He repeated several times that he is not a medical professional. And he stressed that there is a difference between saying you are “addicted” to something in a casual way and being medically addicted.
To explain his point, he gave a relatable example. He said he may have once described himself as being “addicted” to a Netflix show. But that does not mean he had a clinical addiction.
“So it’s a personal thing,” Mosseri said. “Yeah, I do think it’s possible to use Instagram more than you feel good about. Too much is relative. It’s personal.”
That statement may sound simple. But inside that courtroom, it carried huge weight.
Because this trial is not about casual scrolling. It is about mental health, teenagers, and whether social media companies knowingly built products that could harm young people.
At the center of this Los Angeles trial is a 20-year-old woman identified only by her initials: KGM.
She and her mother allege that Instagram’s design especially features like infinite scroll led to addictive behaviour. According to the lawsuit, this behaviour worsened her depression and suicidal thoughts.
The question for the jury is straightforward but serious: was Instagram a substantial factor in her mental health struggles?
A Meta spokesperson pushed back. “The evidence will show she faced many significant, difficult challenges well before she ever used social media,” the spokesperson said.
This case is one of several “bellwether” trials. That means it is a test case. The outcome could influence hundreds of similar lawsuits filed by families and school districts against Meta, YouTube, TikTok, and Snap.
Originally, TikTok and Snap were part of this case. But they settled with one of the plaintiffs and are no longer involved in this specific trial.
Still, the bigger legal storm is far from over.
Across the United States, hundreds of families are suing major tech companies. They claim these platforms knowingly created addictive products that damaged children’s mental health.
Mosseri is the first major executive to take the stand in this series of trials.
Psychologists do not officially classify social media addiction as a medical diagnosis. But researchers have documented harmful consequences from compulsive use especially among young people.
Lawmakers worldwide are also raising alarms about the addictive potential of these platforms.
Mark Lanier, the lawyer representing the plaintiff in the LA case, asked Mosseri whether Instagram sometimes puts profit before safety. He questioned whether design features were intentionally built to keep users hooked.
Lanier also referred to social media apps as “digital casinos” because of features like endless scrolling.
Mosseri disagreed with the addiction label. But he did acknowledge something important: problematic usage can exist.
“I think it depends on the person,” he said when asked whether problematic usage of Instagram is real.
One of the most intense moments in court came when Lanier pressed Mosseri about his role as a decision-maker.
Does he prioritise profit? Or does he prioritise testing and safety first especially when minors are involved?
“In general, we should be focused on the protection of minors,” he said. “But I believe protecting minors over the long run is good for business and for profit.”

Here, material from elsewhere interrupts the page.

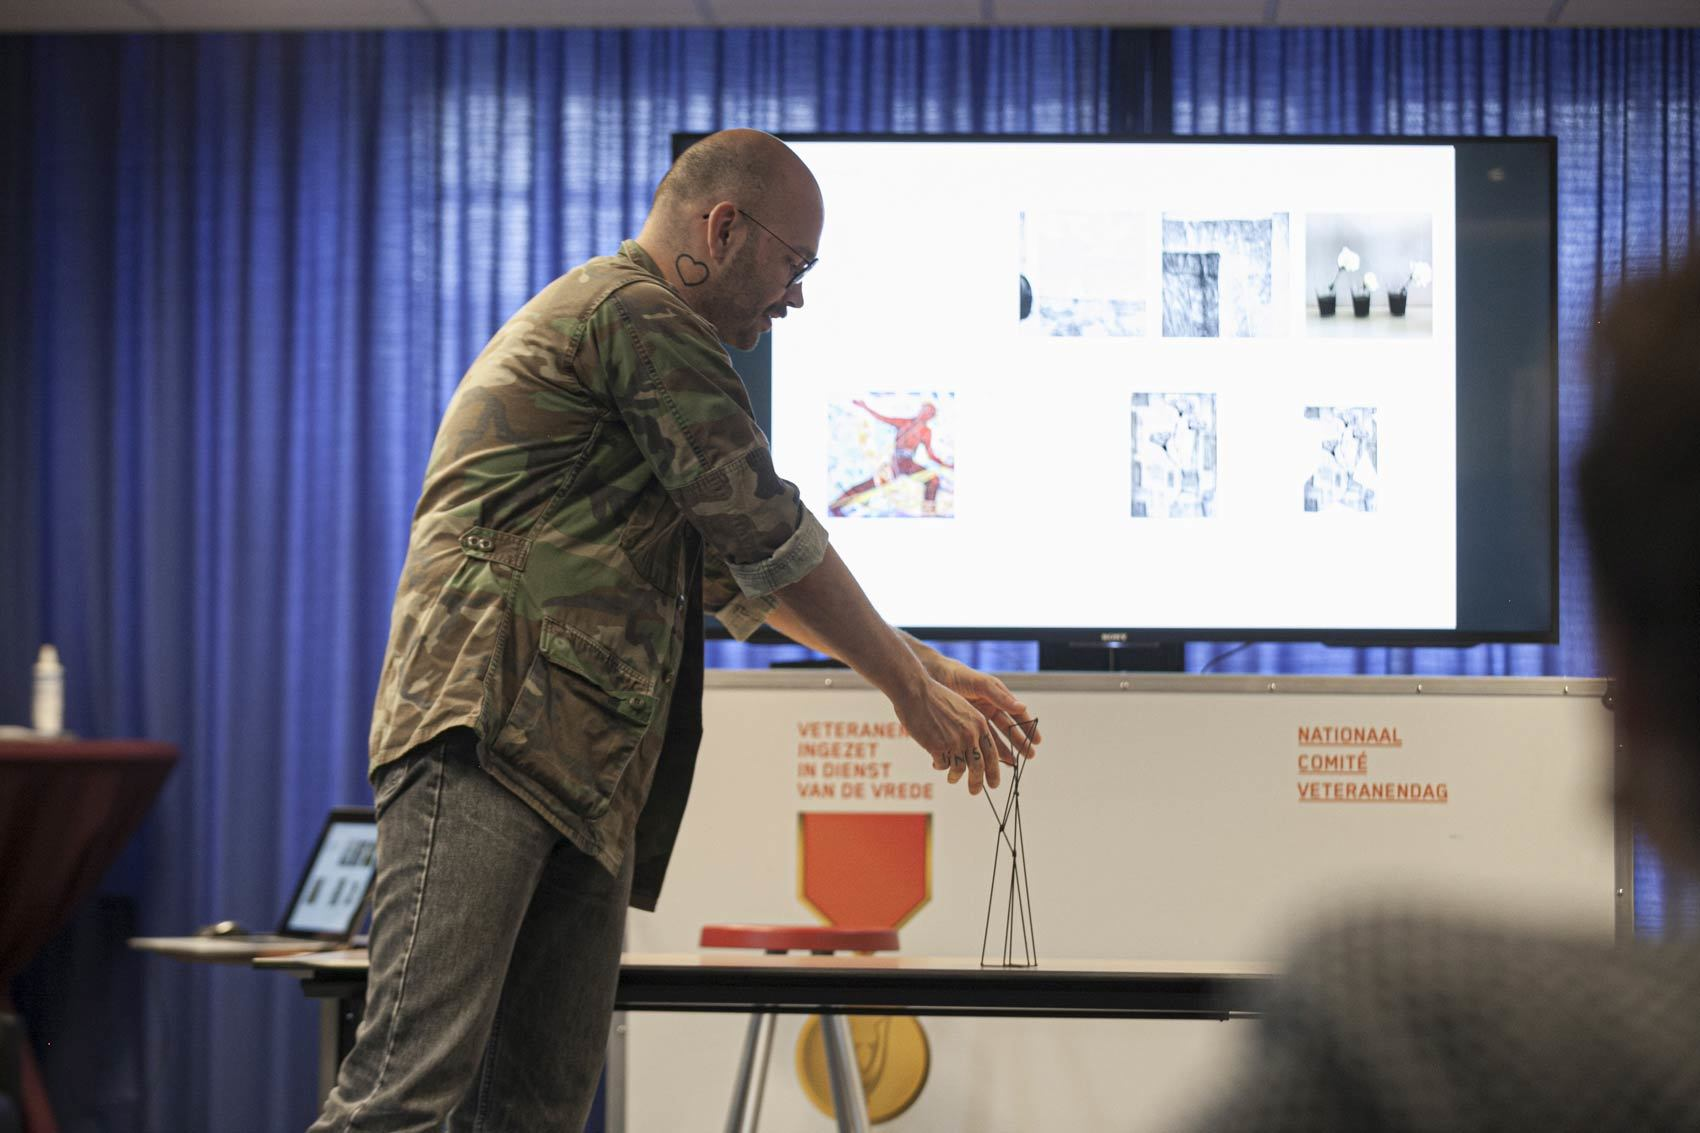 Gabriël Holysz - Witte Anjer Prijs ontwerpconcept 2020

Still, some families watching the trial were not convinced.
Matthew P Bergman, founding attorney of the Social Media Victims Law Center, said in a statement:
“Adam Mosseri’s testimony under oath today revealed what families have long suspected: Instagram’s executives made a conscious decision to put growth over the safety of minors.”
That is a serious accusation. And it did not stop there.

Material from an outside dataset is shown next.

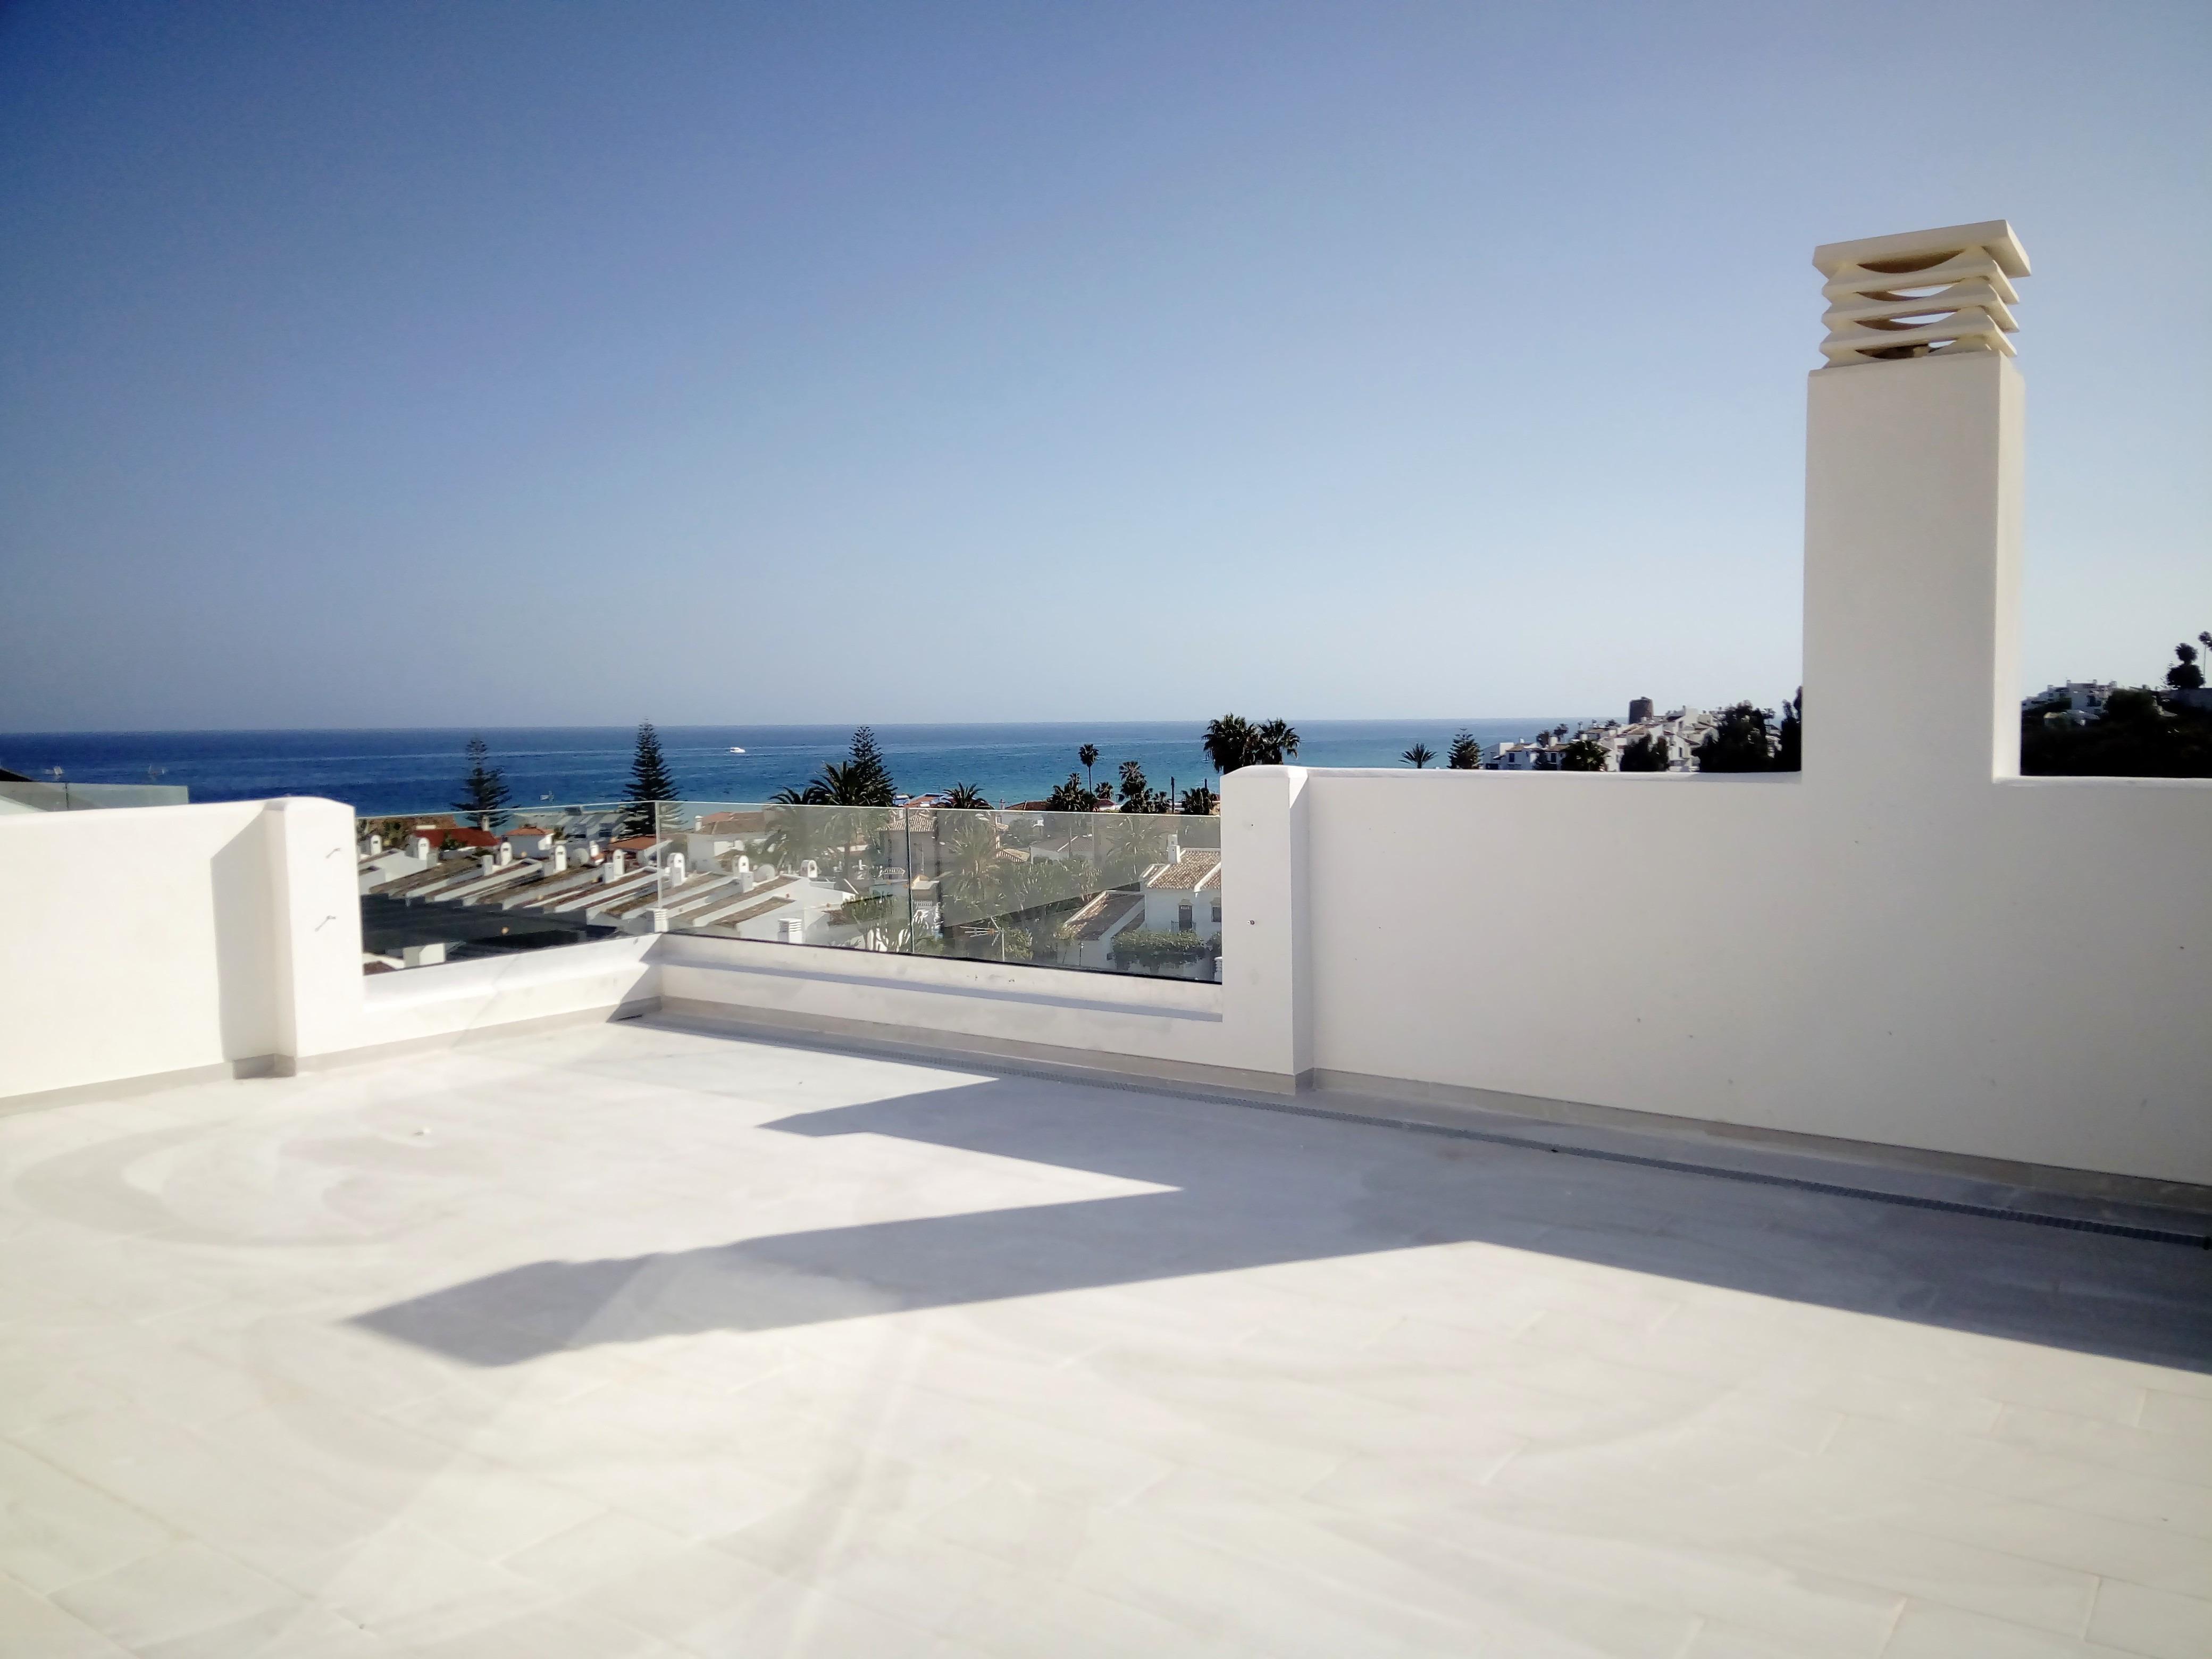 Cordoba penthouse bloc 3 B top floor terrace out

One of the most explosive parts of the trial involved digital filters specifically filters that could make users look like they had plastic surgery.
Mark Lanier introduced a November 2019 email exchange between Meta executives. The subject? Whether to ban these face-altering filters.

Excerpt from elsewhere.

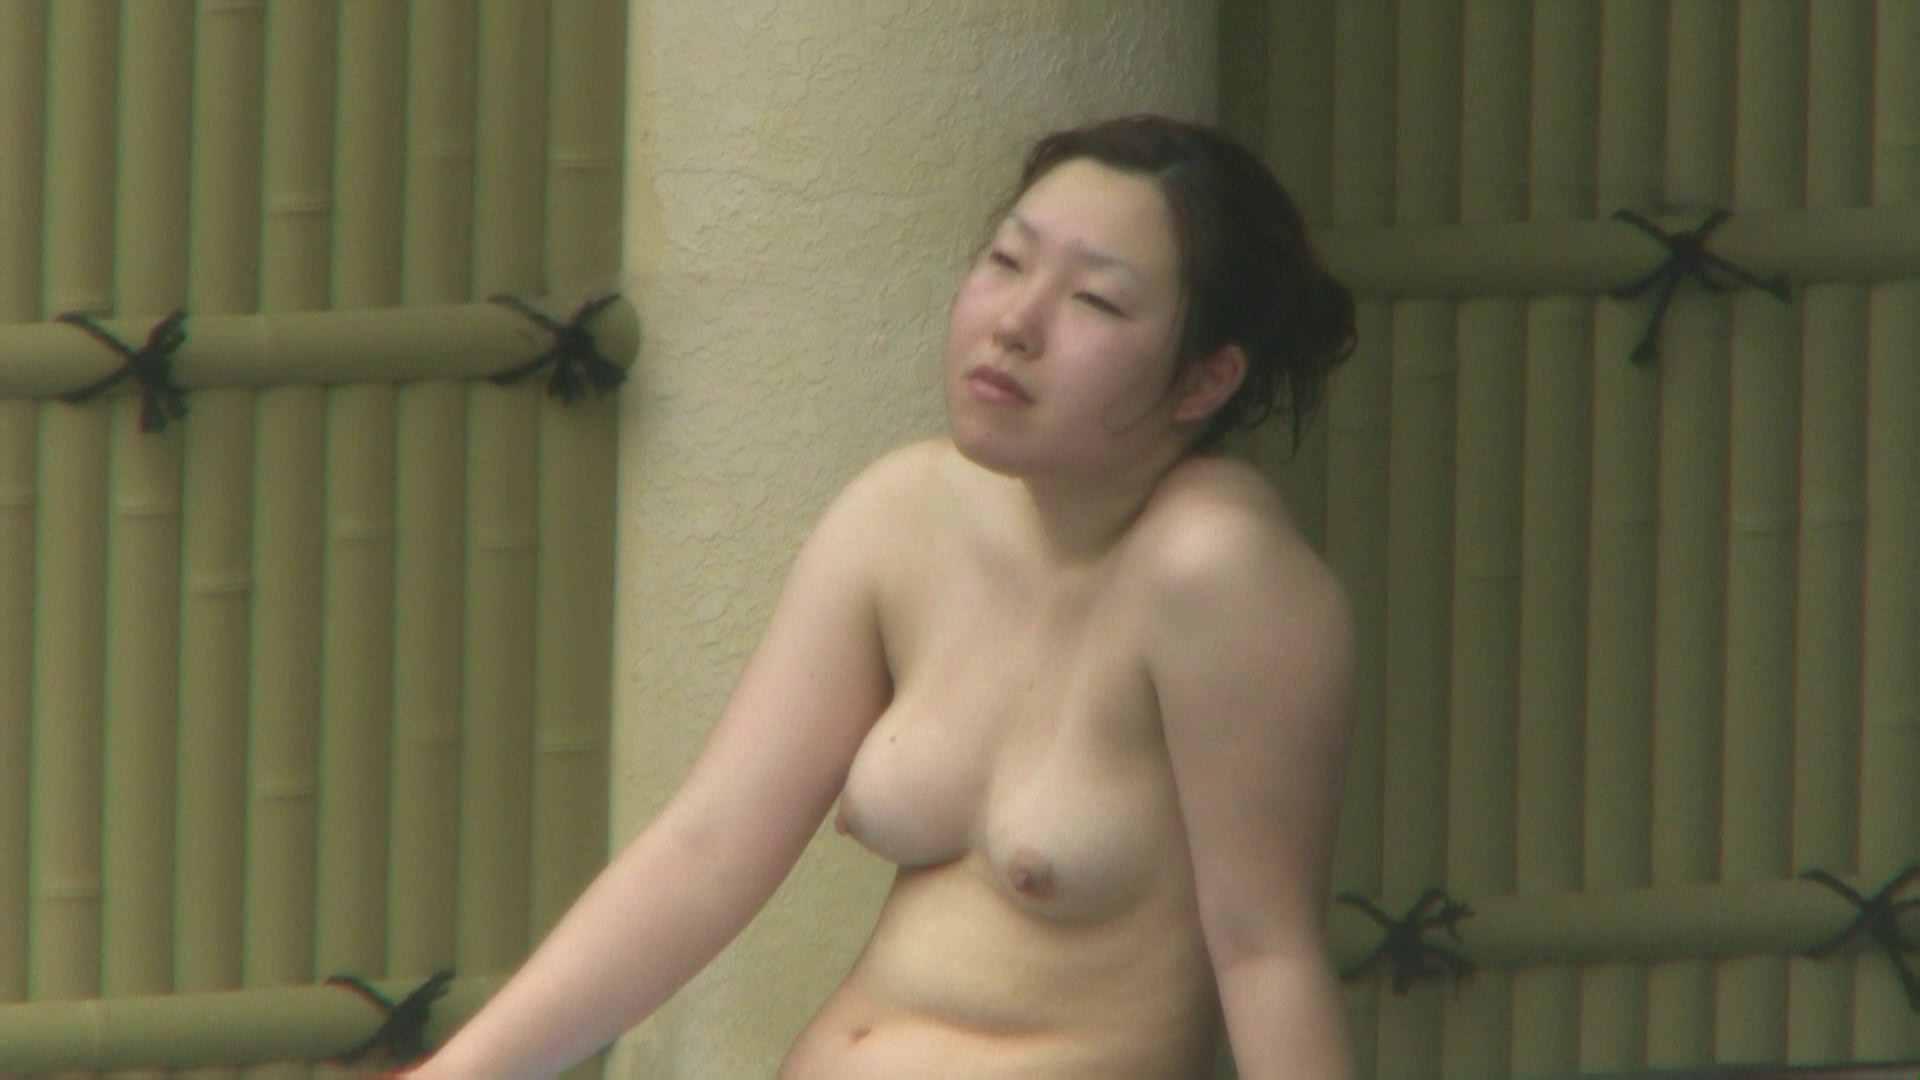 Aquaな露天風呂Vol.72【VIP限定】 0 | 0  47連発 13

In the emails, executives debated concerns from health experts and the press. One subheading even included the phrase: “PR fire on plastic surgery.”
Meta’s tech chief Andrew Bosworth wrote that he had informed CEO Mark Zuckerberg about the issue. According to the email, Zuckerberg was concerned about whether there was solid data proving real harm.
“He is concerned about whether we have good enough data that this represents real harm,” Bosworth wrote.
Another executive, John Hegeman, warned that a blanket ban on filters that could not be replicated with makeup might hurt competitiveness in Asian markets, including India.
“A blanket ban… is going to limit our ability to be competitive in Asian markets (including India),” he wrote.
Hegeman suggested building a “nuanced framework” instead of banning everything outright.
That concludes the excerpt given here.